The Ninth Circuit decision supports the argument that federal agencies cannot indiscriminately use the “sue and settle” strategy involving sweetheart lawsuits as a means to make substantive policy changes without going through rulemaking procedures. Even if a suit is not prearranged and an agency finds itself faced with an adverse court decision, it cannot solve its problem by agreeing to capitulate to the plaintiff if the demanded consent decree terms permanently and substantially change an agency rule. The Ninth Circuit decision has accomplished in small part what Congress is currently considering in the Sunshine for Regulatory Decrees and Settlements Act of 2013.

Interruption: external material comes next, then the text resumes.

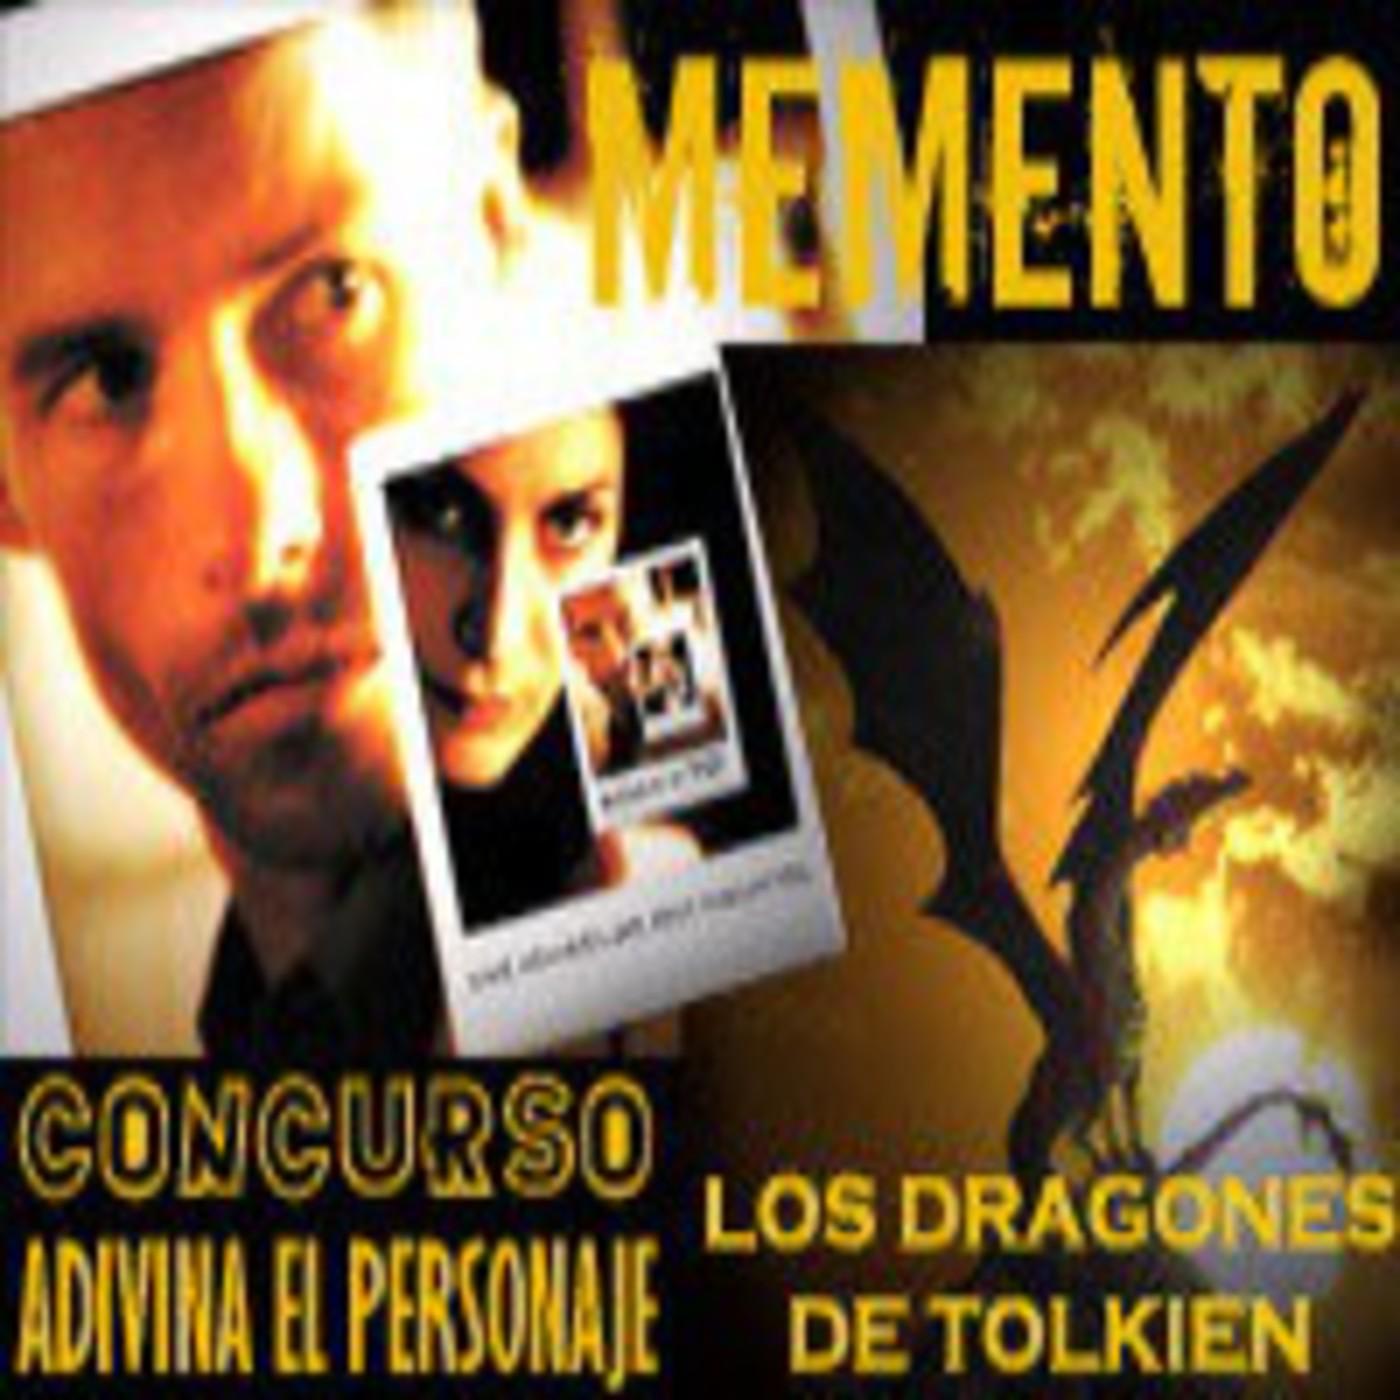 LODE 3x05 MEMENTO, Los dragones de TOLKIEN, concurso: Adivina qué personaje es

In the case of federal land managing agencies, the decision also means that the agencies and a plaintiff cannot make a deal through a consent decree to change the terms of a Forest Service forest plan or a BLM resource management plan. This does not mean the agencies are powerless to enter into a consent decree that involves changing a management plan. A consent decree that proposes rather than adopts a substantive change to a management plan would be legally sound. A consent decree is valid if it requires an agency to pursue a proposed change to the management plan through required plan amendment procedures or a proposed rule change following statutorily required rule making procedures. For example, a consent decree in which an agency agrees to consider an alternative to amend the management plan to prevent ground-disturbing activities on steep slopes as an alternative in an EIS circulated for public comment would be consistent with the Conservation Northwest decision. However, the consent decree would run afoul with Conservation Northwest if the decree committed the agency to prevent ground-disturbing activities on steep slopes under the terms of the decree. Likewise, a consent decree in which an agency agrees to consider modifying a rule through notice and comment procedures under the Administrative Procedure Act would likely survive attack, while a decree that makes a permanent rule change would not.

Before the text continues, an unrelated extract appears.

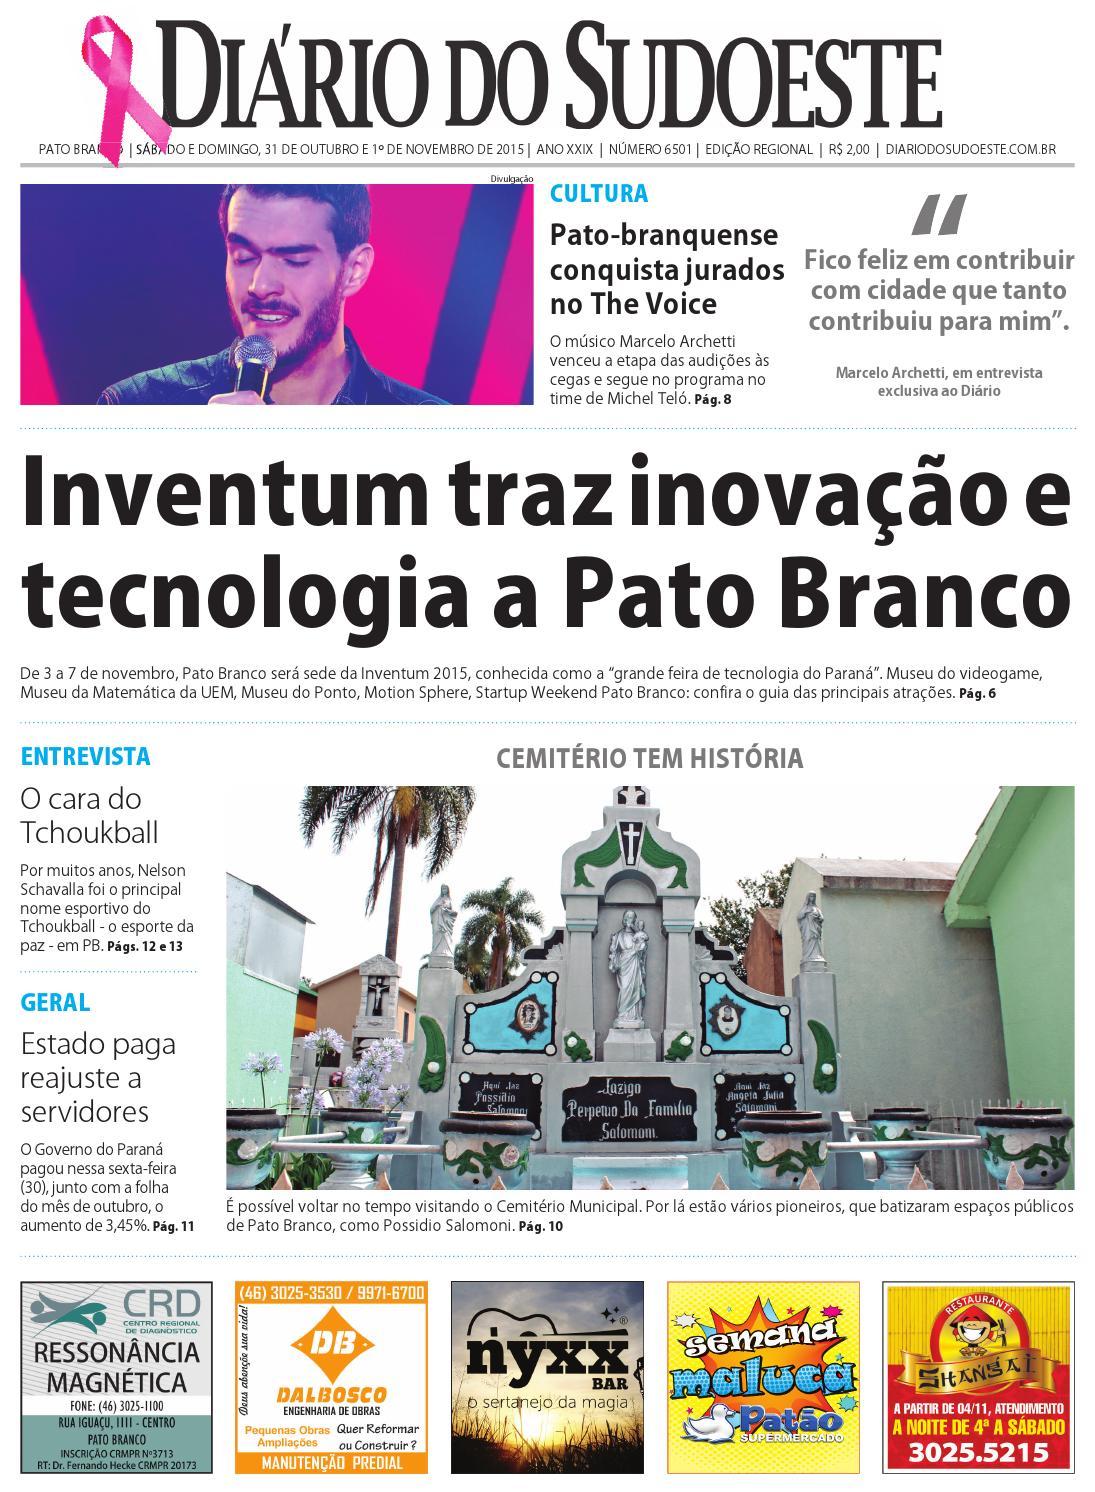 bdc8b50621ebb Diário do sudoeste 31 de outubro e 1 de novembro de 2015 ed 6501 by Diário  do Sudoeste - issuu

The Conservation Northwest decision will also provide a basis to challenge an agency’s de facto amendment to management plans through internal administrative action without following procedures for public input. Agencies are often tempted to abandon (or revise) provisions of their management plans internally in response to new information or changed thinking about resource management to avoid cumbersome plan amendment and public participation procedures, particularly with resource management plans that have been in place for a decade or more. For example, an agency decision to expand restrictions on the location or type of grazing, timber harvest, or oil and gas leasing areas beyond the provisions of a management plan is not uncommon. However, the Conservation Northwest decision will make these internal agency changes more vulnerable to challenge in the future.